Voleurs, ivrognes et rustres
Les charbonniers constituaient, pour la plupart des villageois, une engeance de voleurs, d'ivrognes et de rustres. Ils demeuraient dans les bois, sous la loge de branchages, avec leur famille. Les femmes prenaient leur part d'ouvrage, de même que les enfants qui consacraient plus de temps aux fagots qu'aux devoirs de classe; la plupart de ces sauvageons, d'ailleurs, ne fréquentaient guère l'école. Les huttes se groupaient autour d'une cabane commune plus importante, qui était l'équivalent d'une mairie. Le peuple de la forêt vivait là: les sabotiers, les bûcherons, les fendeurs. Ainsi se construisaient, dans les clairières, de véritables villages qui, peut-on imaginer, n'étaient pas sans évoquer les bourgades des lointaines époques gauloises.
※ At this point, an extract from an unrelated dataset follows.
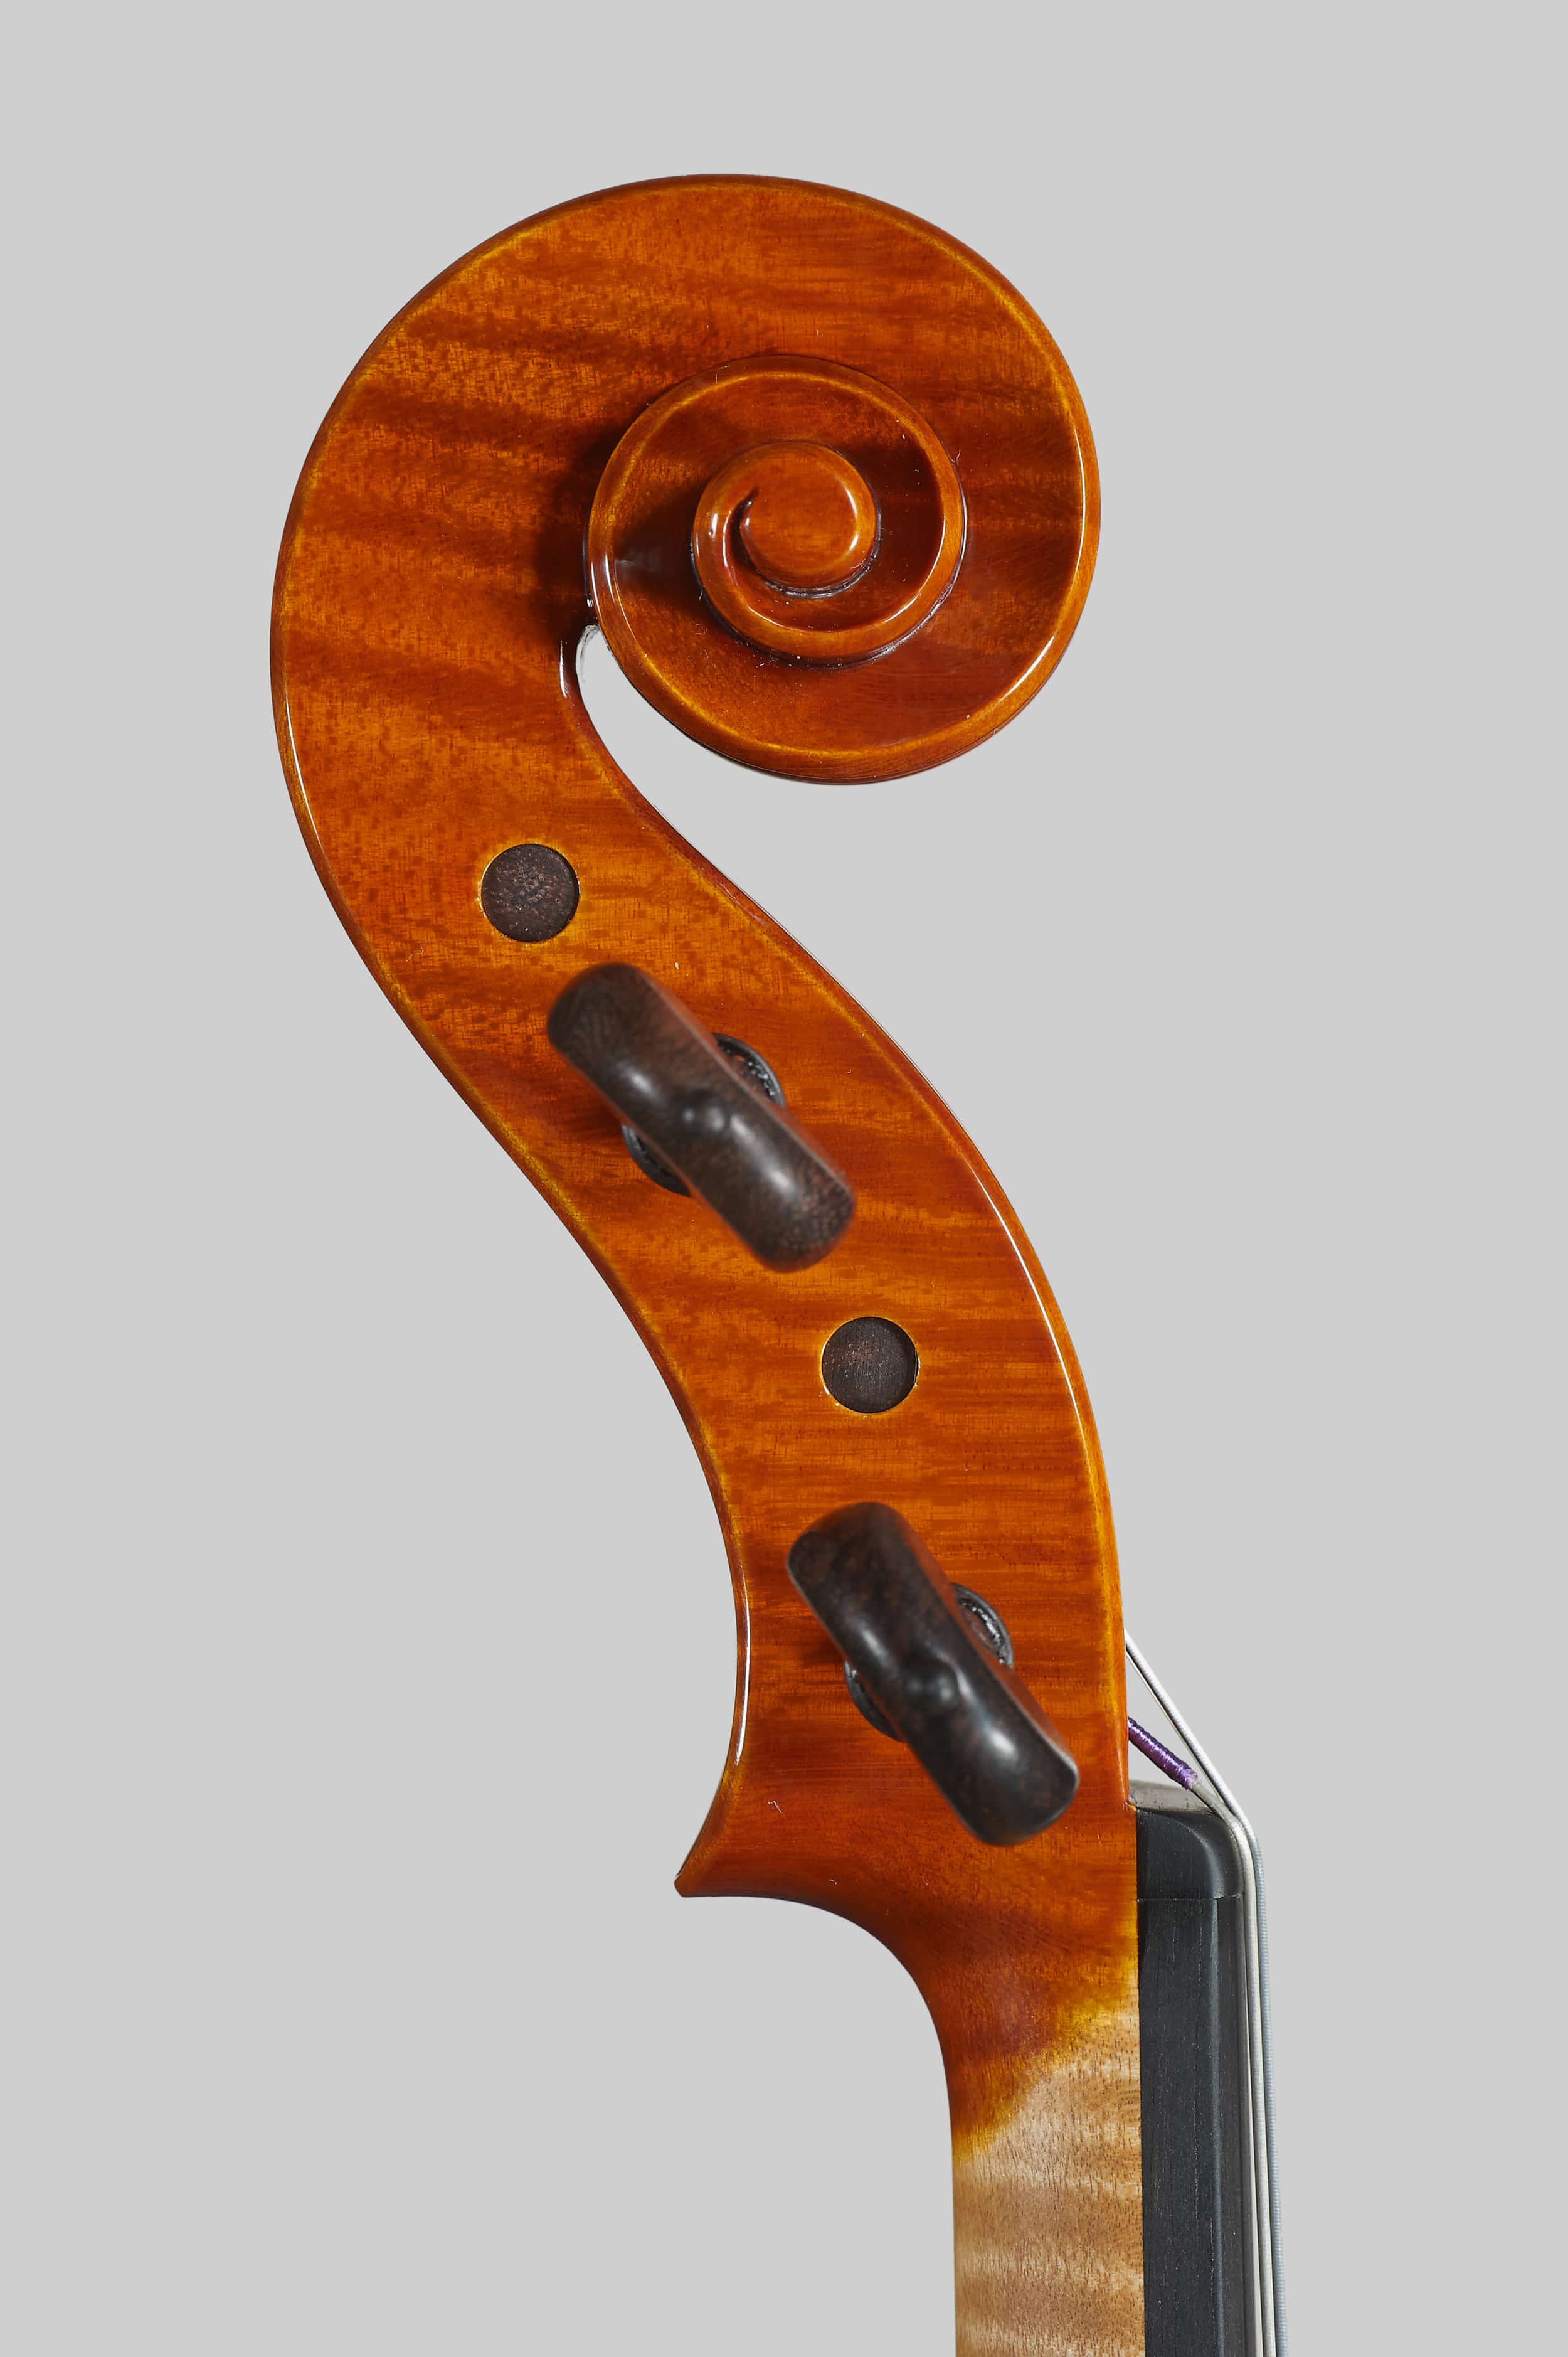 Anno 2015 – Violino modello stile A. Stradivari “Viotti” 1709 - Testa sinistra

Les charbonniers d'autrefois menaient une vie de gueux au fond des bois. Ils se nourrissaient chichement de raves ou de patates bouillies, quelquefois de gibier braconné. Le village ne les voyait point pendant quatre ou cinq mois. Ils débuchaient soudain en fin d'été et se dirigeaient droit sur le cabaret. Là, ils rattrapaient le temps perdu et ne dessaoulaient guère pendant trois semaines. Ils n'en repartaient qu'après avoir bu leur dernier liard. Alors ils se renfonçaient en forêt, plus pauvres que Job, et l'on finissait par les oublier jusqu'à leur sortie suivante.
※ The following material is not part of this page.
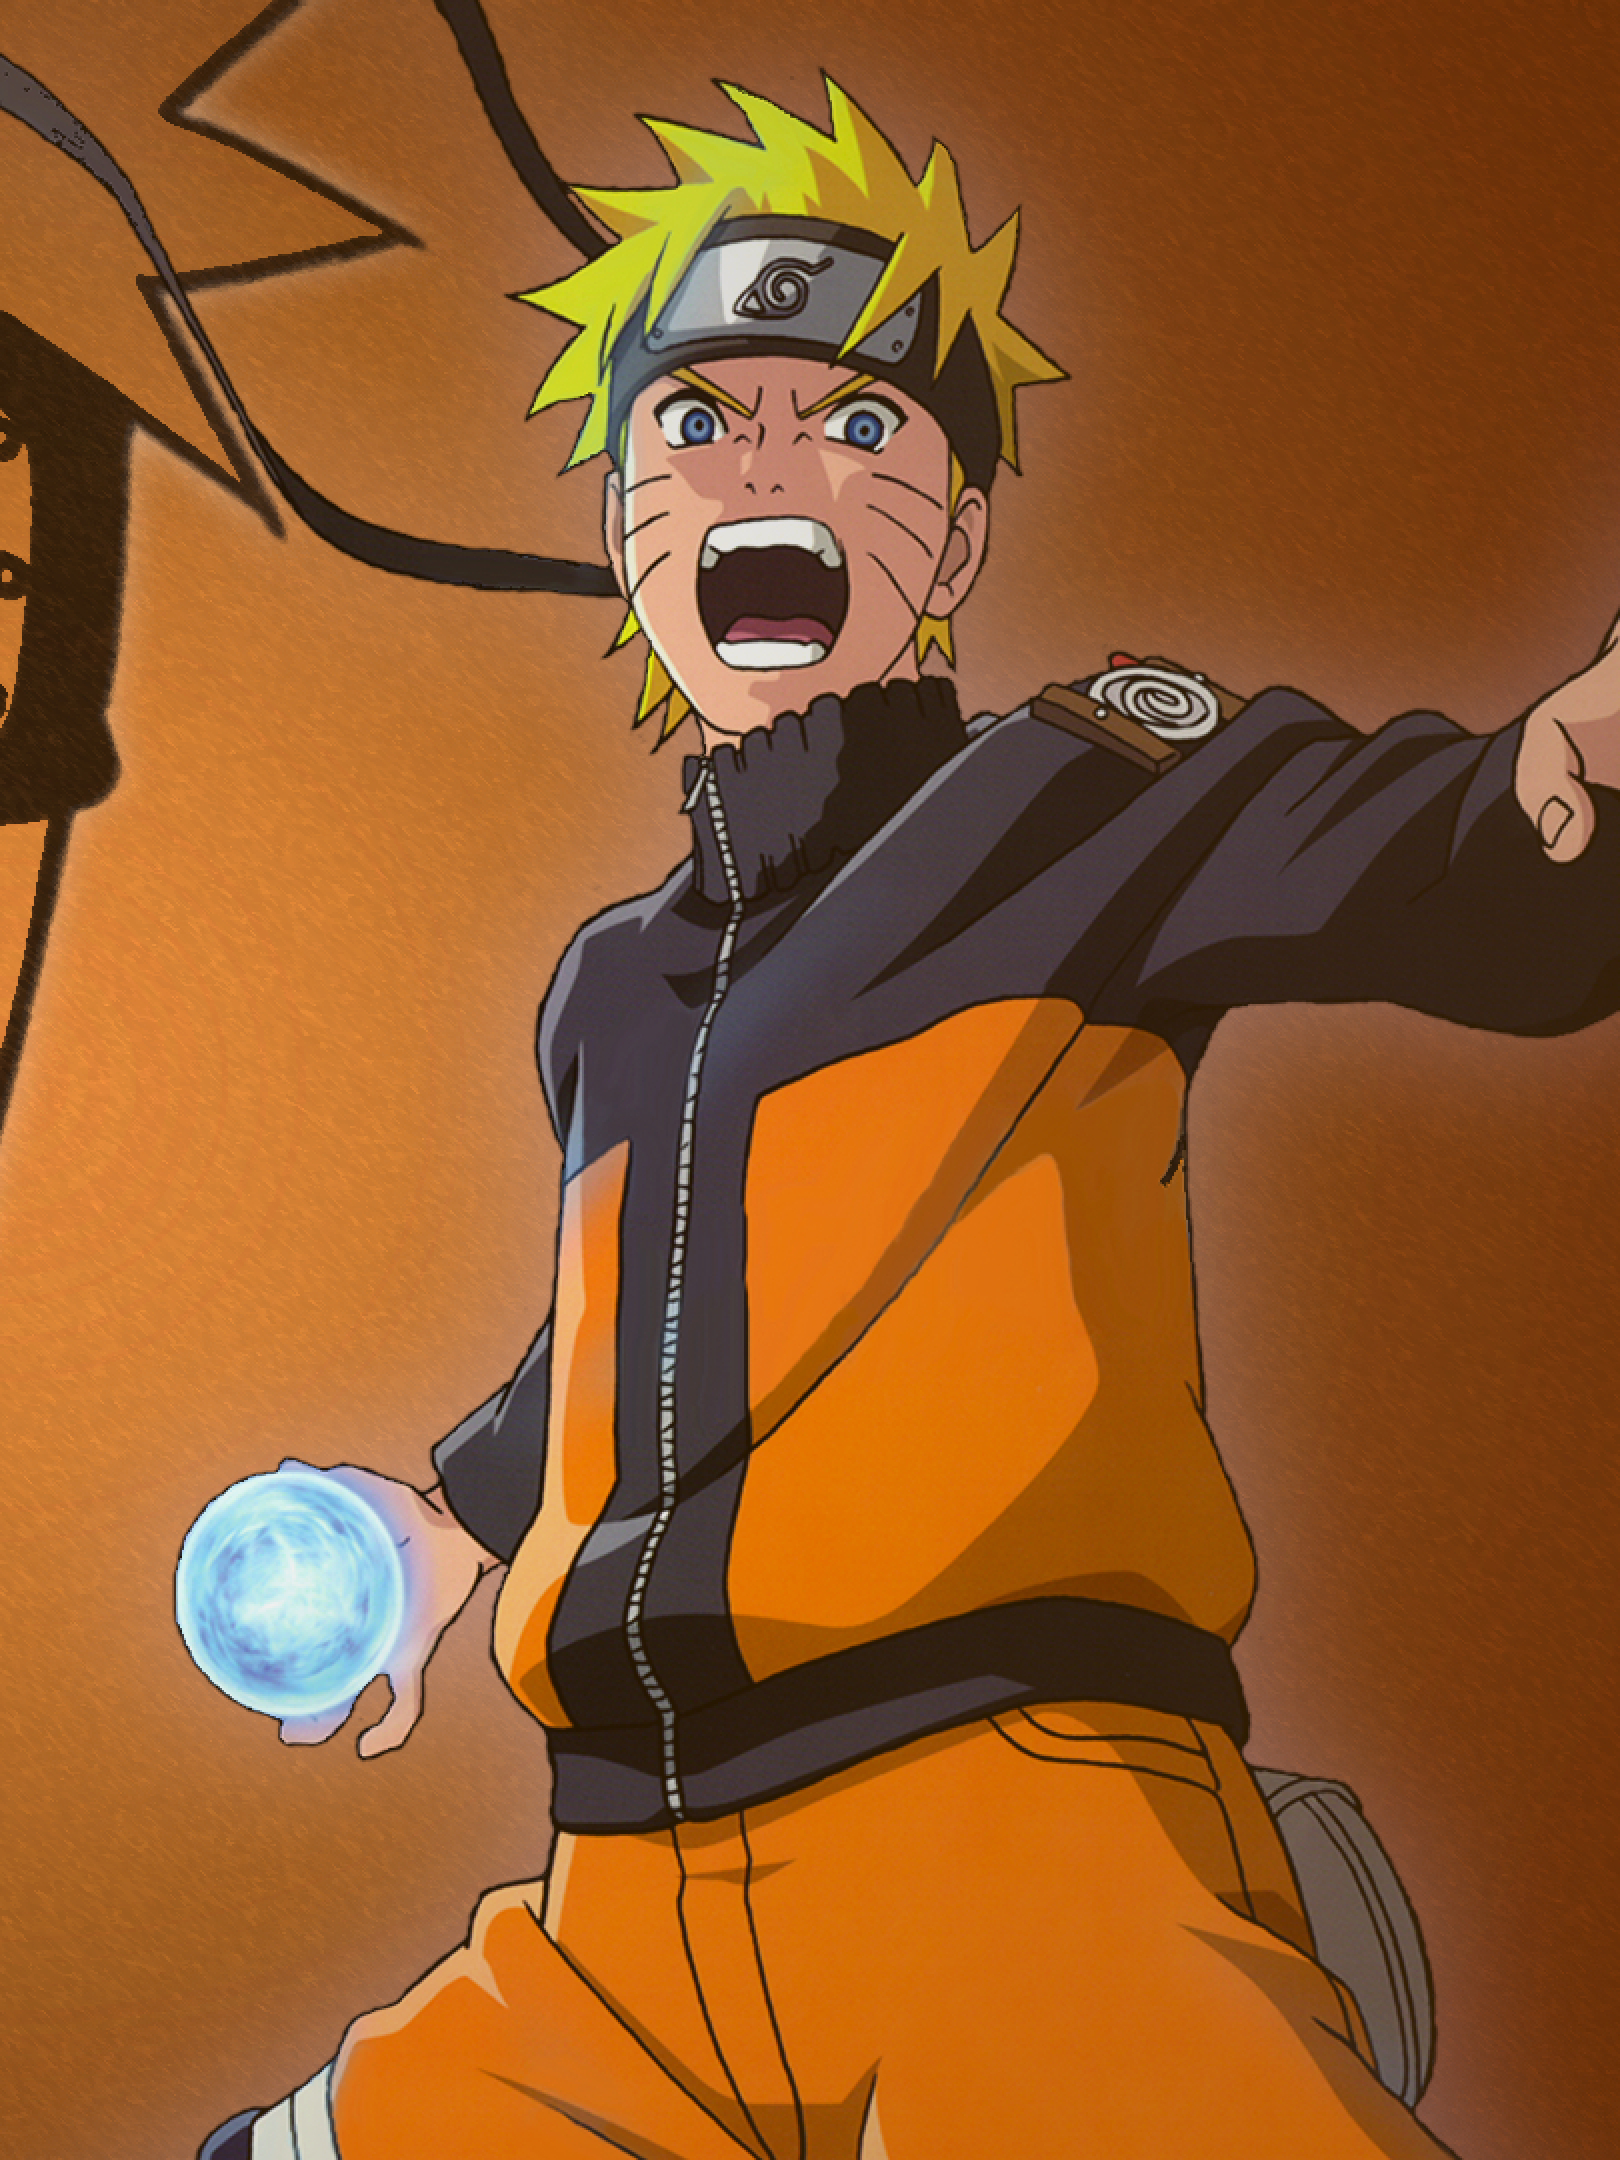 Naruto Rasengan Wallpaper Hd Anime Wallpaper Hd Images And Photos ...

La soif produisait donc les mêmes effets sur les charbonniers que la faim sur les loups : elle les faisait sortir du bois. En Sologne, à Millançay, on se souvint longtemps d'un de ces bougres, plus noir qu'un cul de chaudron, qui confiait l'intégralité de son pécule au cabaretier du bourg. Il passait ses jours et ses nuits à picoler, ne mettant le nez dehors que pour satisfaire des besoins naturels. Le mastroquet attendait patiemment que la bourse se vide (c'était convenu) pour flanquer le bonhomme à la rue. Dans le Maine normand, en forêt de Sillé-le-Guillaume, les charbonniers travaillaient principalement pour approvisionner les fourneaux de la métallurgie.